• _SOURCE DATA_:
####

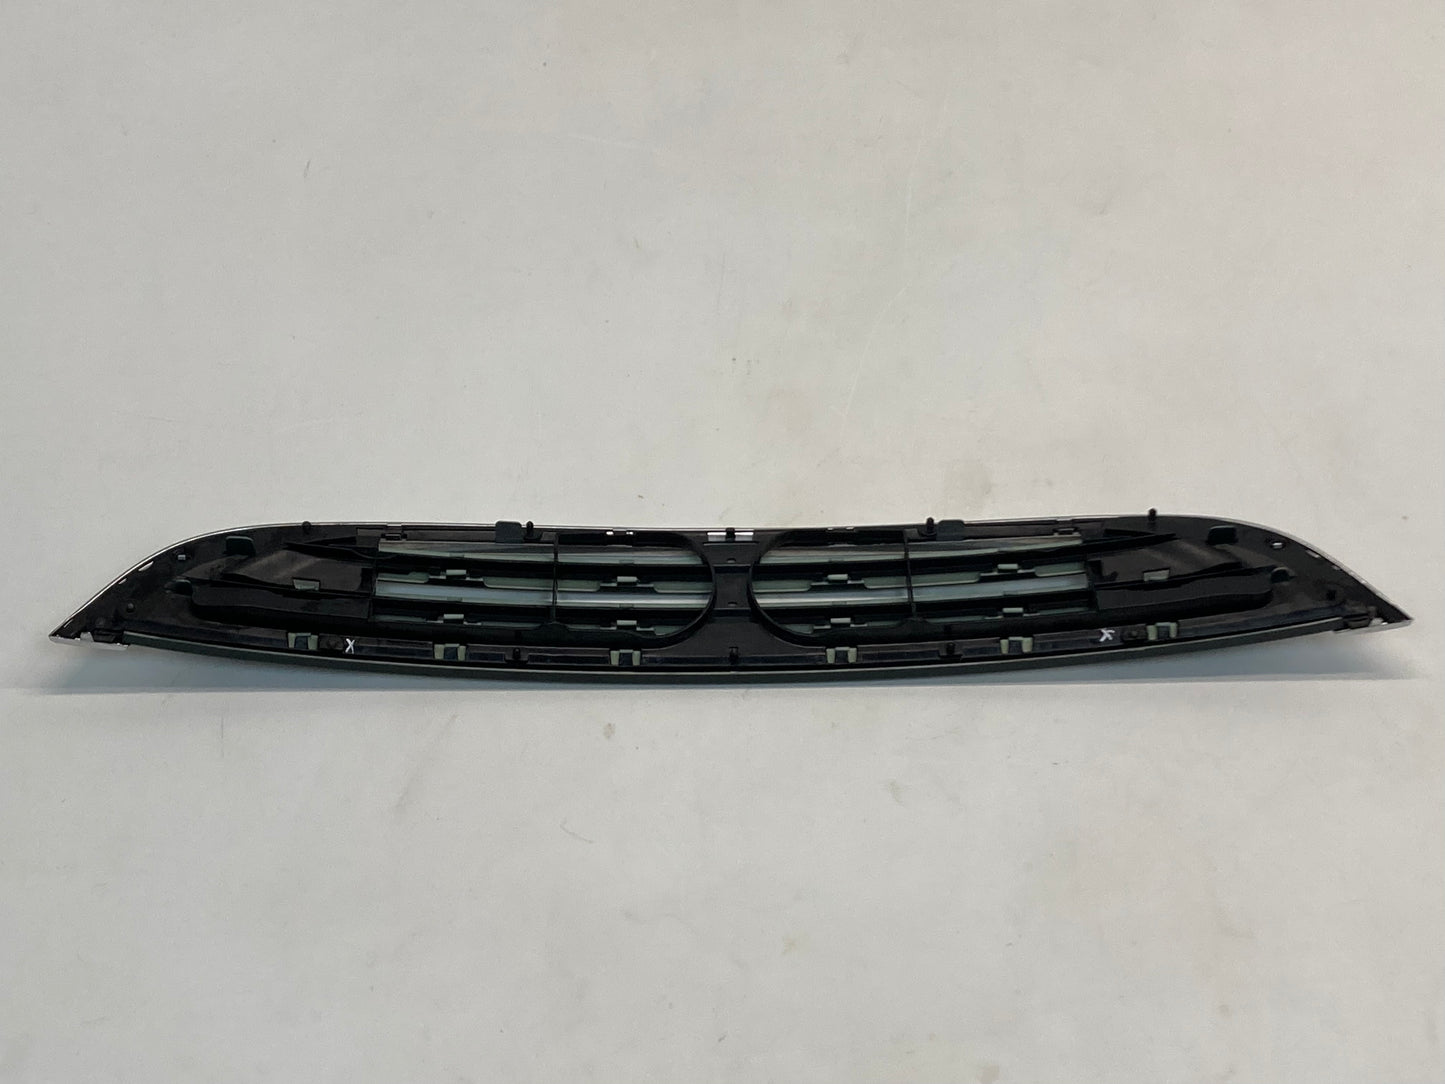 Mini Cooper Front Grille British Racing Green 51137135265 02-08 R53 R52 423
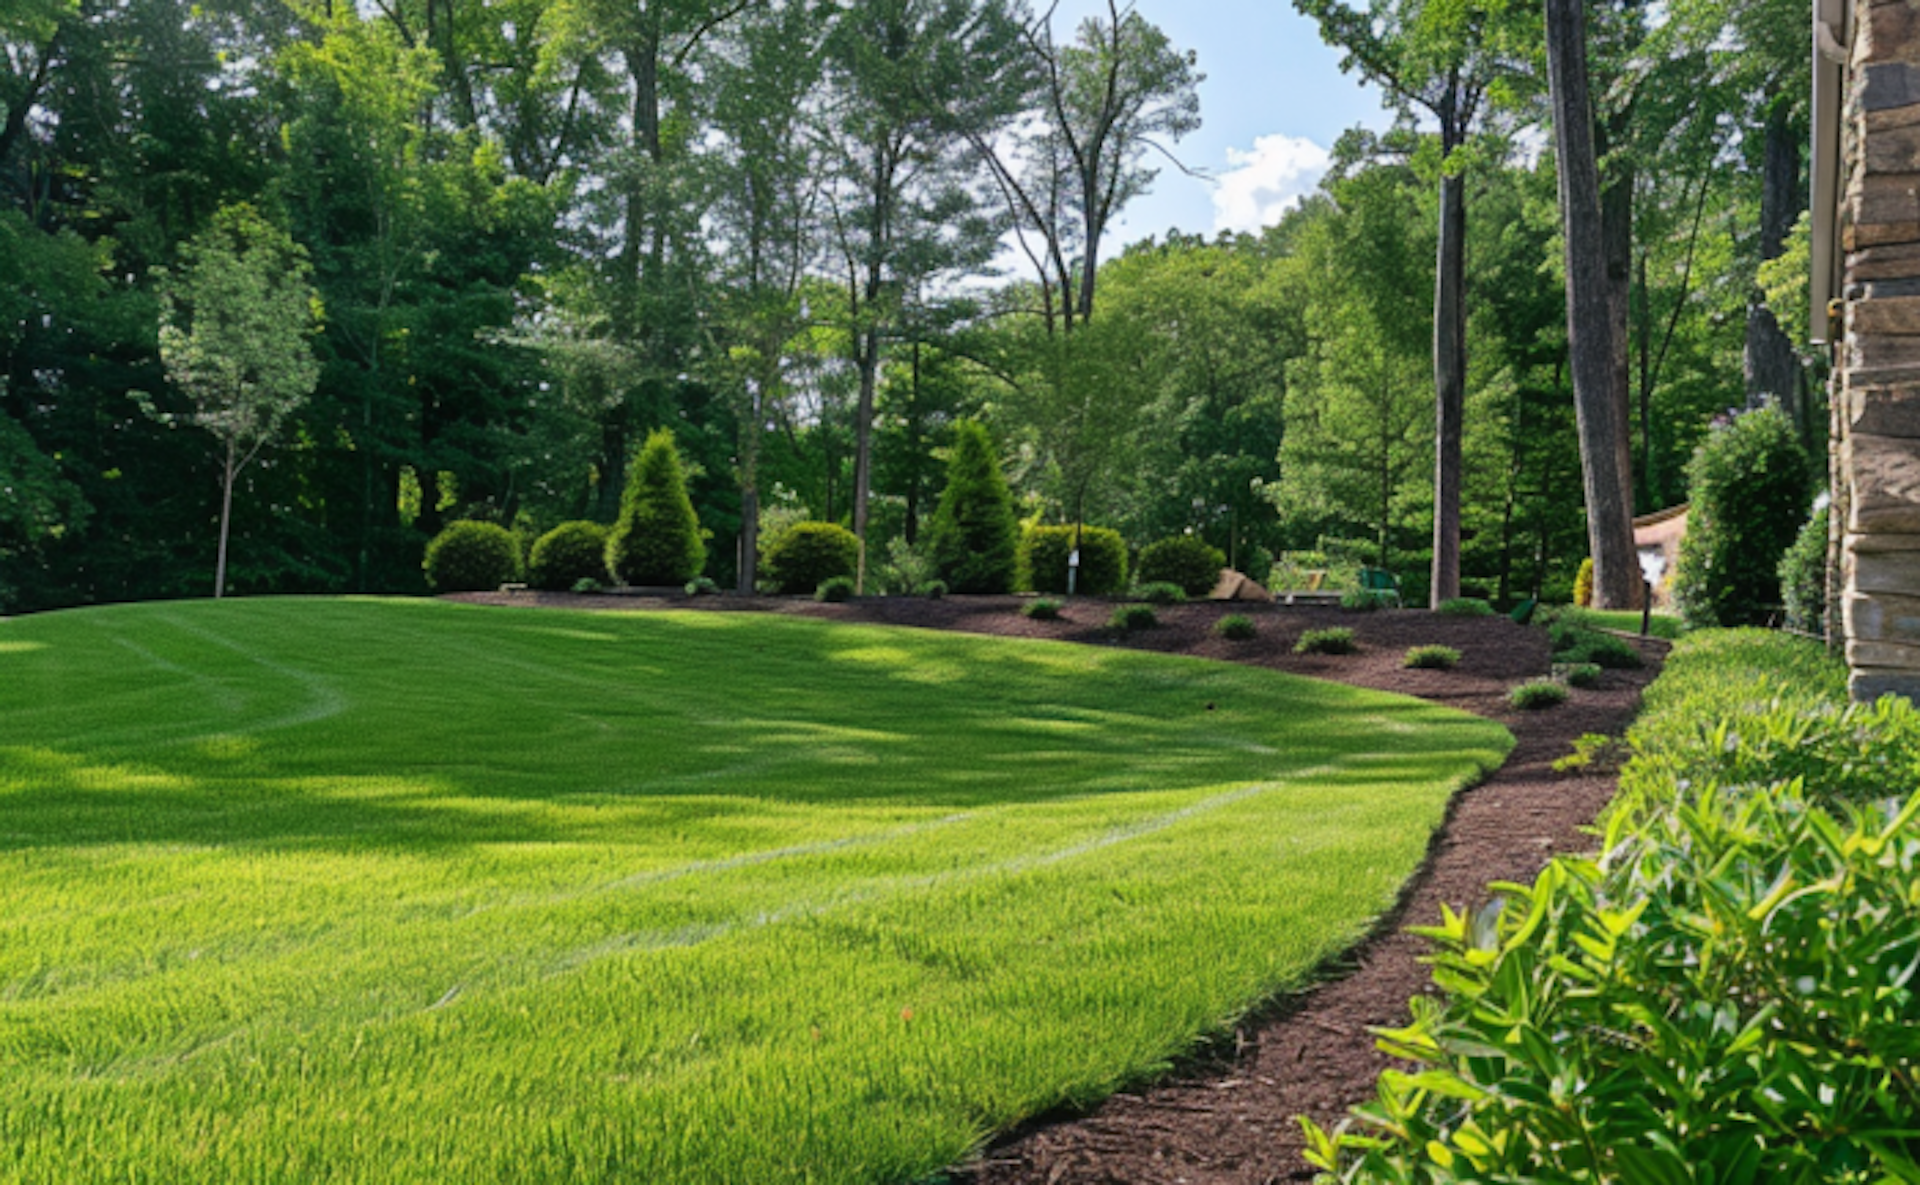 An effective way to prevent ticks in your yard is to keep up with your landscaping and lawn maintenance.
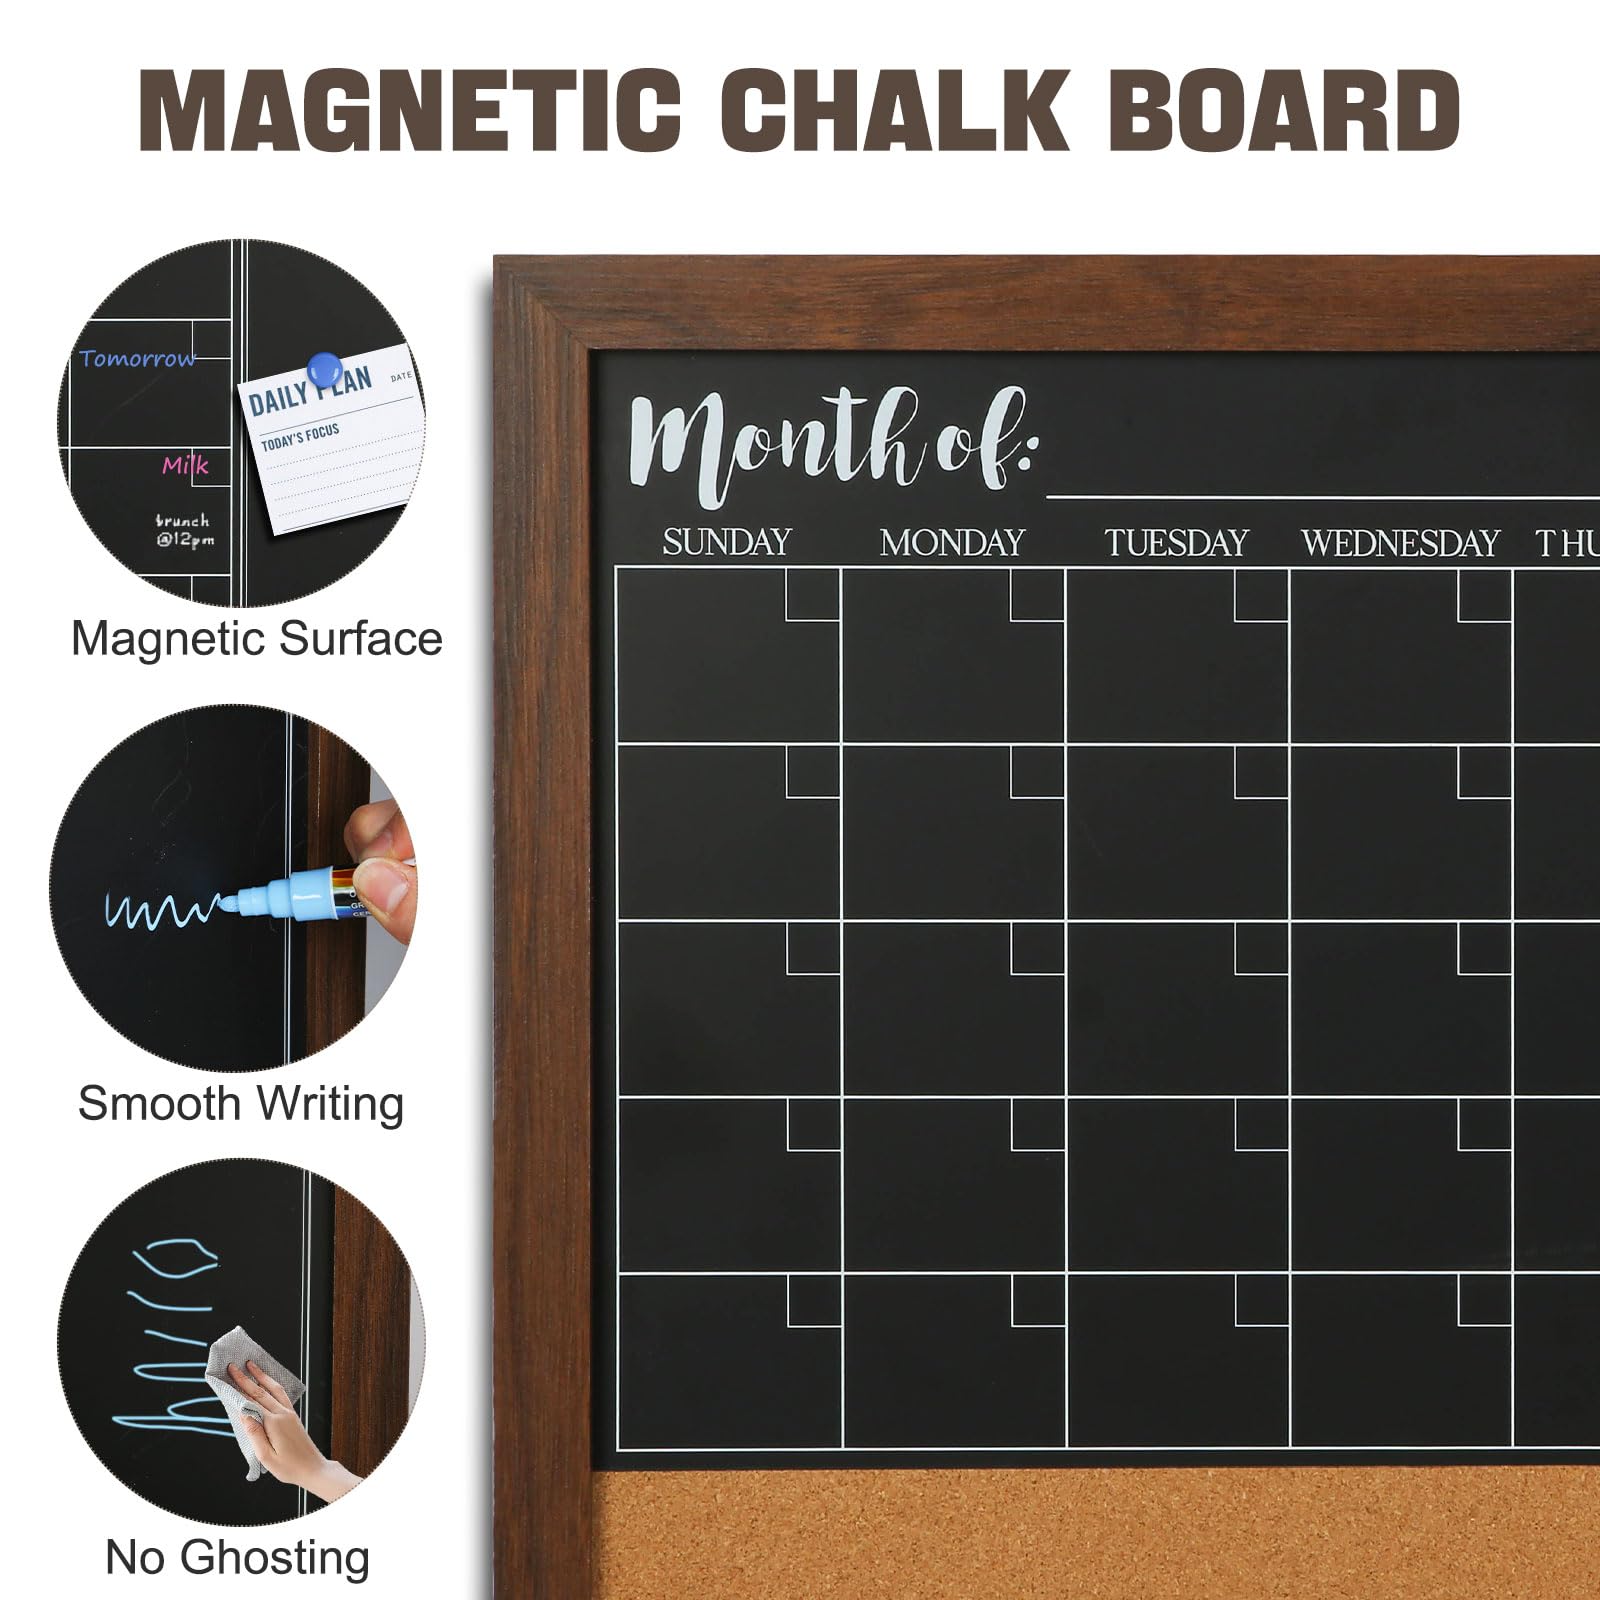 4 THOUGHT Chalkboard Calendar Corkboard Combo, 18" x 24" Bulletin Board Magnetic Calendar Chalkboard for Wall Combination Board Monthly Planner Rustic Brown Frame 2 Markers 6 Magnets 4 Pushpins

####

• _WORK TASK_: Pictures are to be omitted from the copy, and only the lines from the one containing "An effective way" through the final line of the listing above are to be written out exactly.

• _WRITTEN SOLUTION_:
 An effective way to prevent ticks in your yard is to keep up with your landscaping and lawn maintenance.
 4 THOUGHT Chalkboard Calendar Corkboard Combo, 18" x 24" Bulletin Board Magnetic Calendar Chalkboard for Wall Combination Board Monthly Planner Rustic Brown Frame 2 Markers 6 Magnets 4 Pushpins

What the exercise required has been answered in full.